Refactor `ReaderInputStream` implementation #293

Marcono1234 · 2021-11-01T01:04:22Z

The new implementation follows more closely the required behavior defined by CharsetEncoder, instead of assuming that buffers of certain size will work without having to resize them.

Relates to:

Sorry for creating this pull request so late and not participating in the review of the previous pull requests for these issues.
If you don't think this pull request is worth it, feel free to close it. The current implementation will probably work in most situations correctly, but here it overwrites the lastCoderResult, even when the previous encode was unsuccessful, e.g. OVERFLOW or ERROR.

I also tried refactoring org.apache.commons.io.input.CharSequenceInputStream to use ReaderInputStream to reduce error-prone usage of CharsetEncoder there. However, this causes some behavior changes:

available() will in most cases return 0
readLimit parameter of mark is now actually considered, so code calling mark(0) will not work anymore

I have marked this pull request as draft for now because I have not extensively tested it. Please let me know what you think.
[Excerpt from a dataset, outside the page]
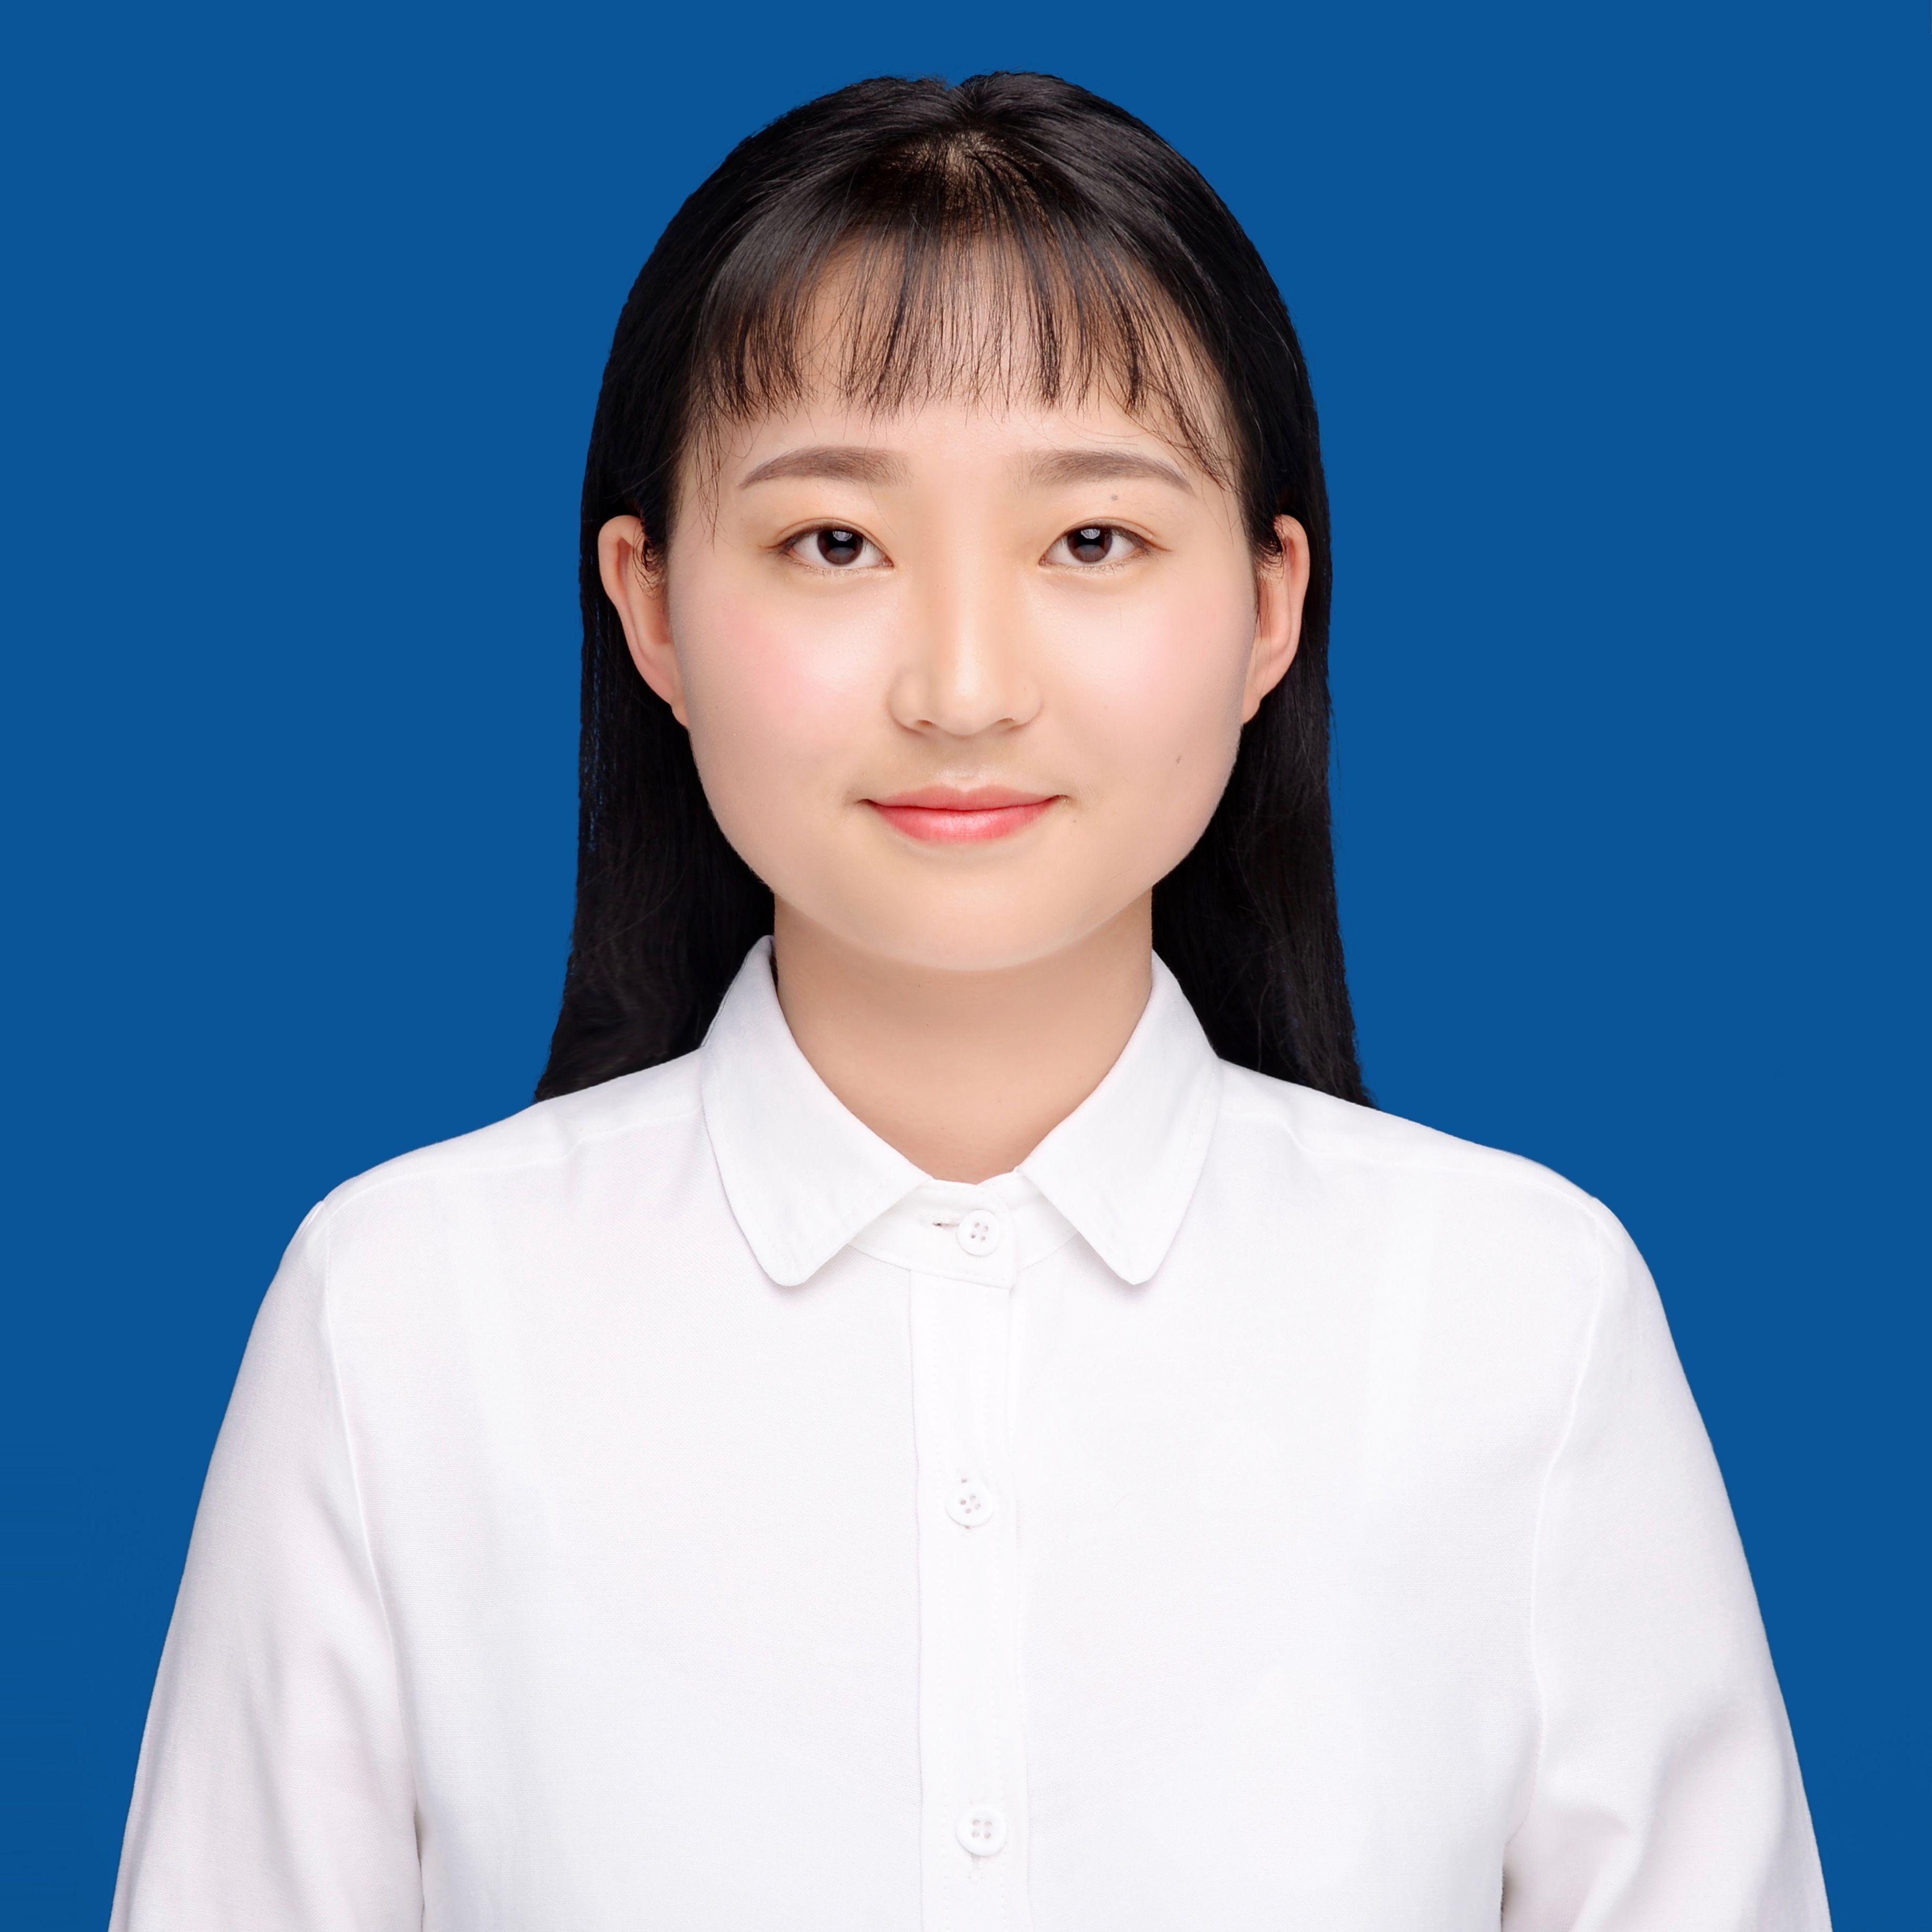 杭州家教赵教员

The new implementation follows more closely the required behavior defined by CharsetEncoder, instead of assuming that buffers of certain size will work without having to resize them.

This avoids having to implement error-prone CharsetEncoder logic in CharSequenceInputStream. However, to keep support for `mark` some extra code is needed, which does not add much value compared to using BufferedInputStream instead.

Marcono1234 · 2021-11-01T16:05:22Z

src/test/java/org/apache/commons/io/input/CharSequenceInputStreamTest.java

@@ -217,62 +218,60 @@ private void testIO_356(final int bufferSize, final int dataSize, final int read
        is.close();

        // data buffers should be identical
-        assertArrayEquals(data1, data2, "bufferSize=" + bufferSize + " dataSize=" + dataSize);
+        assertArrayEquals(data1, data2, "dataSize=" + dataSize);
    }

    @Test
    public void testIO_356_B10_D10_S0_UTF16() throws Exception {


Probably have to change the method names of these tests (removing B10).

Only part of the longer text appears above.